Präsident mit eigenem Urteil

János Áder ist nicht zu beneiden. Ungarns 53-jähriger Staatspräsident hat es in der Hand, die Entmachtung des Verfassungsgerichts zu verhindern und den Demokratieabbau in Viktor Orbáns Reich zu torpedieren. Er müsste der vierten Novelle zur neuen Verfassung, die am Montag im Parlament durchgewinkt wurde, seine Unterschrift verweigern.

Dass er sich nicht als Stempelkissen des Premiers missbrauchen lässt, hat er schon bewiesen, als er im Dezember das umstrittene neue Wahlgesetz zurückschickte. Anders als sein Vorgänger Pál Schmitt, der vor einem Jahr wegen der Aberkennung seines Doktortitels zurücktreten musste, erlaubt er sich eigene Gedanken. Schon in seiner Antrittsrede am 10. Mai 2012 kündigte er an, er werde seine „verfassungsmäßigen Rechte und Pflichten“ zur Gänze erfüllen.

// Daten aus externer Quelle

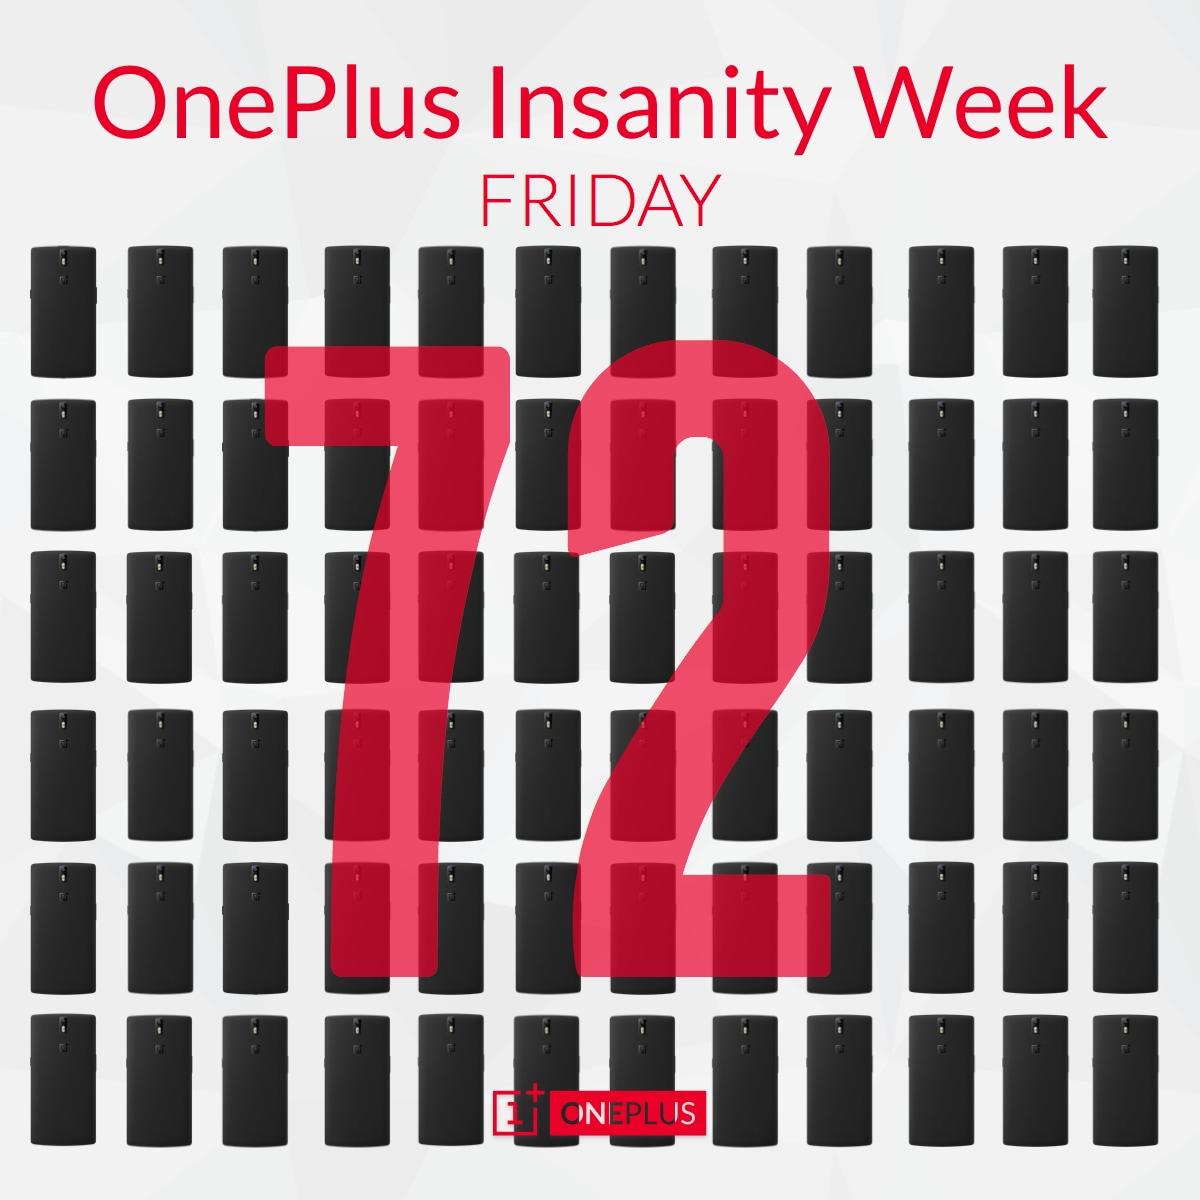 OnePlus Insanity Week giorno 5, in regalo ben 72 OnePlus One: ecco come partecipare!

Jetzt wäre er gefordert. Sein Vorvorgänger László Sólyom appellierte an ihn in einem offenen Brief, die Verfassungsänderungen abzulehnen. Die konstitutionelle Demokratie stehe auf dem Spiel, wenn das Verfassungsgericht de facto ausgeschaltet werde. Der Jurist Áder, der sich am Montag in Berlin Kritik von Kanzlerin Angela Merkel anhören musste, kann nur zu gut ermessen, wie Orbán Staat und Verfassung nach seinen Bedürfnissen maßschneidert. Er muss hin- und hergerissen sein zwischen professionellem Urteil und Loyalität zur Partei. Schließlich war er Vizepräsident der Regierungspartei Fidesz.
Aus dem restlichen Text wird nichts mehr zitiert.